Glass-Steagall was a husk of laws starting with Reagan, it really had no strength by that point. Graham-Beach-Biley is not in itself the reason why everything went cockeyed in 2008. That train had been coming for a long time, and there was a whole lot of reasons for it.
So there's that. One thing to understand was that there were still lingering laws in place that prohibited banks from underwriting securities, and they were also prohibited from owning insurance agencies in towns with populations lower than 5,000 (to prevent the kind of small-bank monopolies that destroyed American rural life in the 30's).
Graham-Beach-Bliley gave a lot of incentive for rural Congressional reps to vote for it. Mainly, it allowed small banks to underwrite municipal revenue bonds. This must have been a great selling point for Sanders. This meant a community bank could put it's weight behind municipal infrastructural projects like toll bridges, stadiums, public transit, and other revenue-producing projects.
And this was 1999. Nobody knew the extent to which the golden age of webmasters was going to collapse. Everybody makes mistakes. Paul Krugman himself thought the lending spree of the aughts was overall a good thing in some ways because it created labor.
Finally, everybody makes mistakes.
Ugh LEACH Bliley. Sorry.
Even Elizabeth Warren, when pressed, will concede that Glass Steagall wouldn't have prevented the economy from collapsing. Not that it was a bad law, it just wasn't constructed to cover the sorts of institutions where the shenanigans went down.
It's like a deadbolt on your front door failing to stop someone from kicking your side door down: you can't really blame the deadbolt, you just needed a second one.
Glass-Steagall, as it existed prior to the 1960's, would have surely prevented the meltdown. It would have prevented too big too fail in general.
The deregulation of banks was a chiseled away over the decades and sledgehammered into nothing in the 80's. If you want to see what really put the nail in the coffin, look to 1987, when banks lobbied Congress with the argument that it was preventing the United States from competing with growing banks in other countries. At this time there was a capitalistic cold war going on where internationals were racing to deregulate and consolidate.

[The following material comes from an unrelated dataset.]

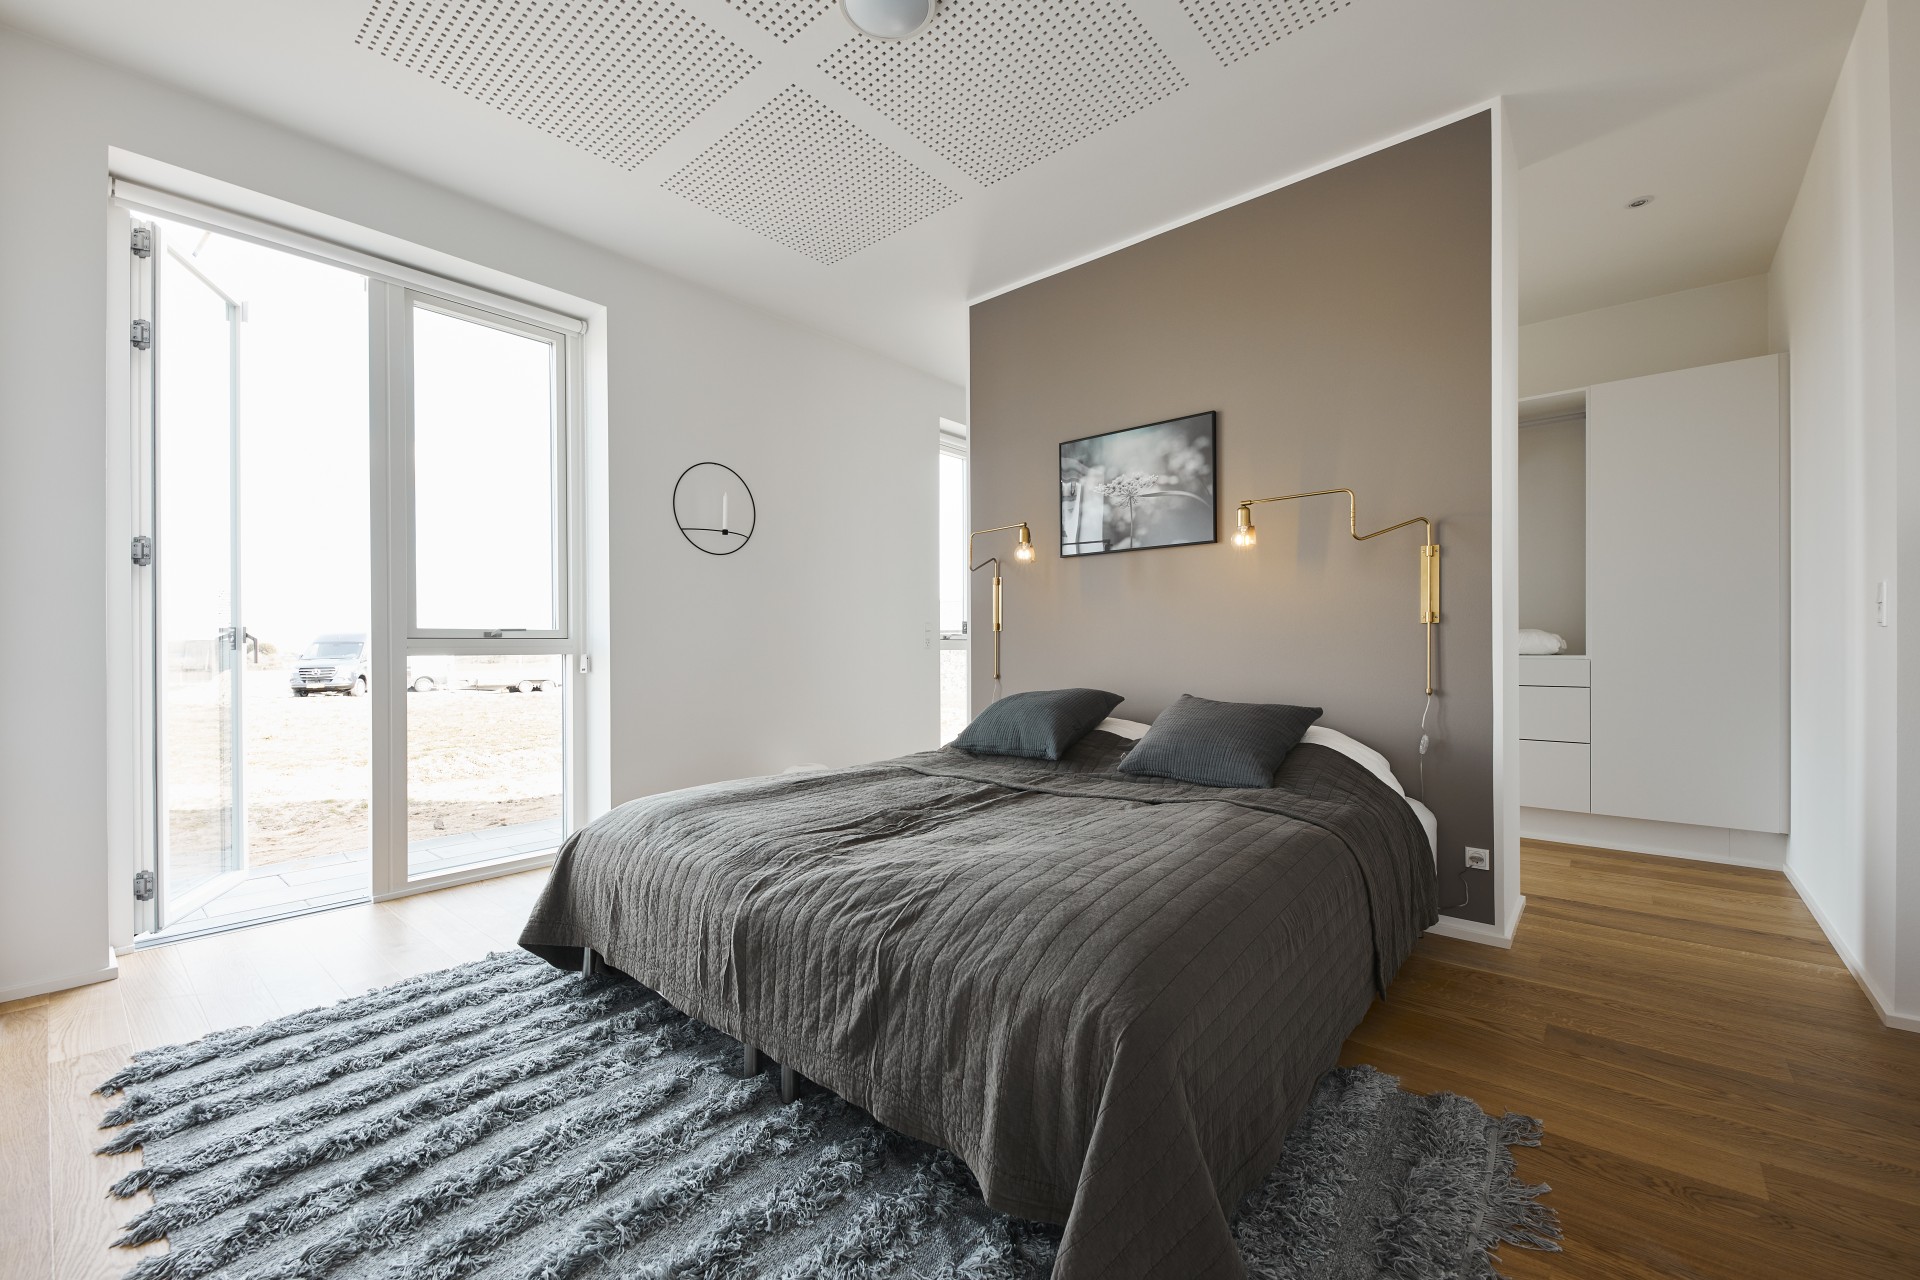 Inspiration til farver i hjemmet: Soveværelse med en støvbrun væg.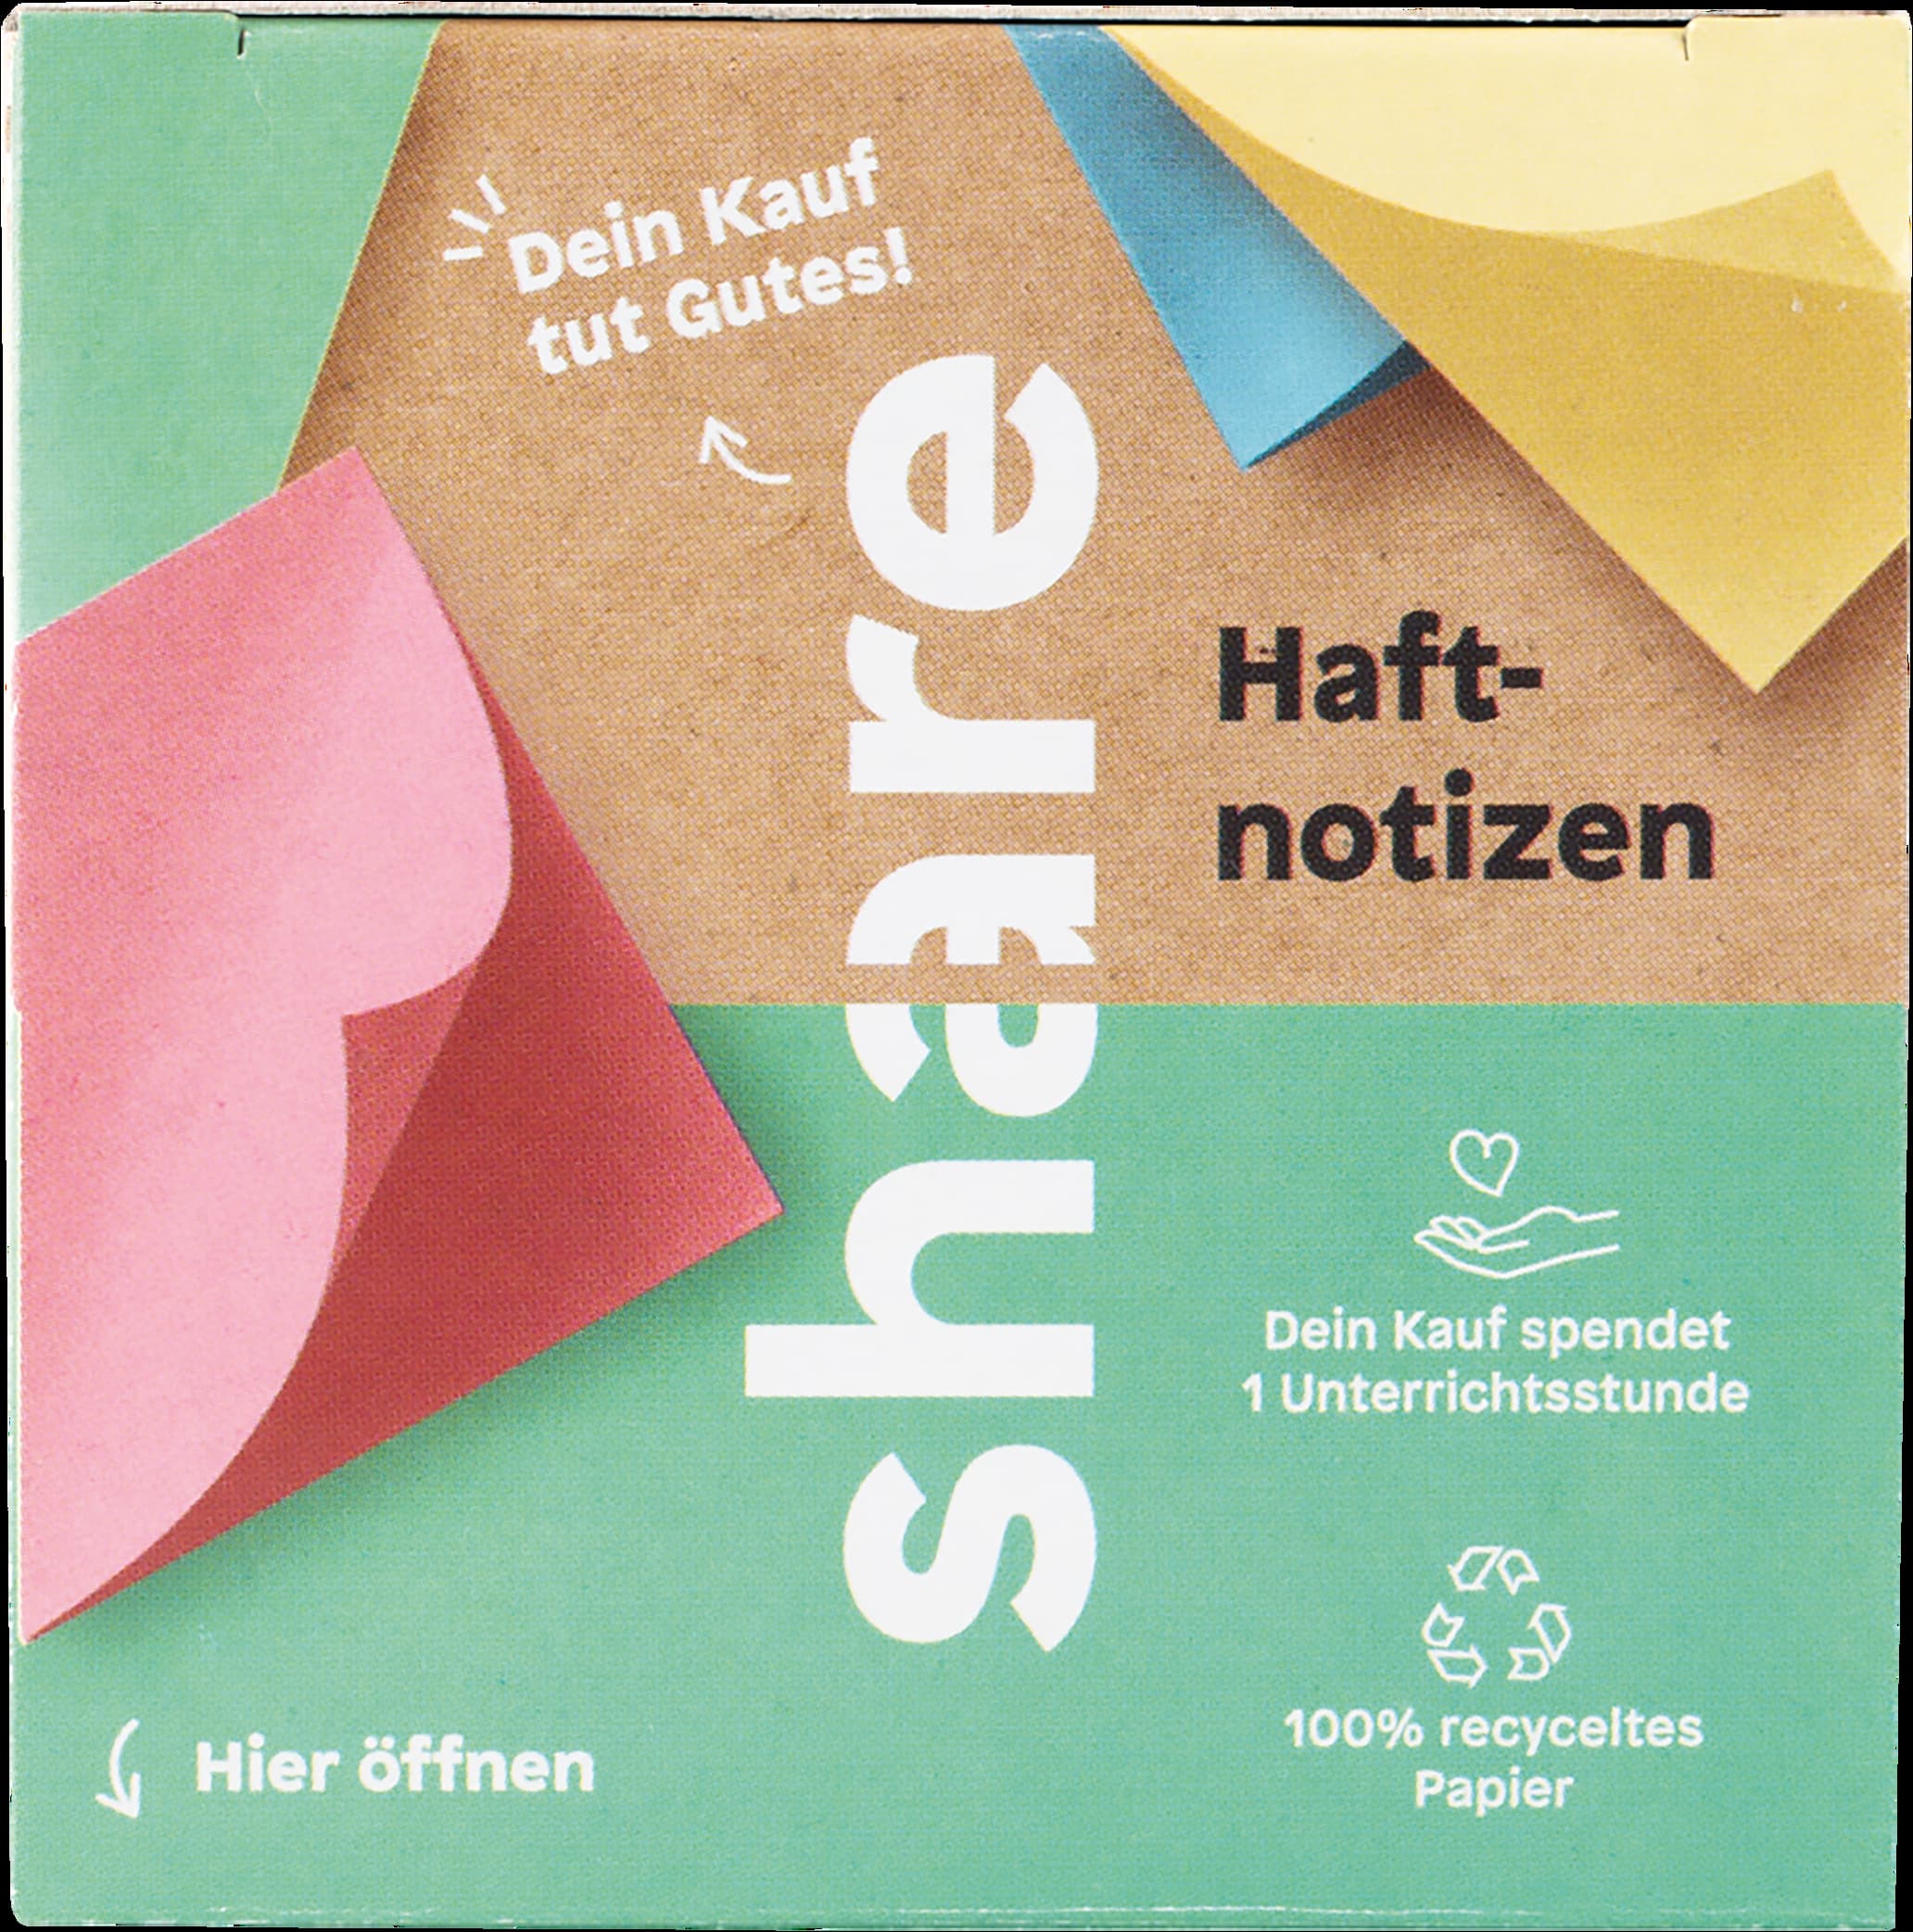 Eine Packung Share Haftnotizblock-Haftnotizen mit Text, der die Produktmerkmale hervorhebt, wie „1 Block in 5 Farben“, „100 Blatt pro Farbe“ und „Made in Germany“, was auf Qualität und Vielfalt hinweist.

At this time, it's also important to note that Ronald Reagan thought it appropriate to pay fresh grads /hr at the SEC to to their job of not really caring about doing their jobs.
|Bobonne - 2015-12-17 |
Everybody in America should watch this.
Hell, everybody should watch this.
|Old_Zircon - 2015-12-17 |
|15th - 2015-12-17 |
Which one is Killer Mike?
Hehe.. the only thing I worry about is his pretty passive stance on guns, and listen to any RTJ song and it's fodder for Hillary. Remember when she got called out by Obama for being like a little Annie Oakley with her pro-gun remarks when she thought she could attract the gun-toting dems? I love Killer Mike and Bernie, but I wonder where this'll lead to down the road.
Bernie hasn't been put to any real scrutiny yet, and I don't think he's ready. Like, why does he plan to take single payer nationwide when it failed last year in his own state of Vermont? Last I heard, Bernie doesn't even know why Green Mountain Single Payer failed, but that's not stopping him.
I think Bernie's got a touch of the demagogue to him, and I don't like it. The reason why Green Mountain failed was that medical costs are as yet too high to make even single payer affordable, and a serious champion of health reform would say, "I guess we need to pivot over to medical costs now and put single payer on hold". But Bernie is not doing that, because single payer is such a crowd pleaser.
And of course most of his progressive agenda requires a Congress the likes of which we haven't seen since FDR. All right then, if we're campaigning on the basis of what we would love to deliver rather than what we have any chance of making good on, vote for me, because I will promise each of you a nuclear powered go-cart and your own personal Frankenstein.
While I don't exactly disagree, Bort, I don't see anyone else running who I'd be comfortable voting for.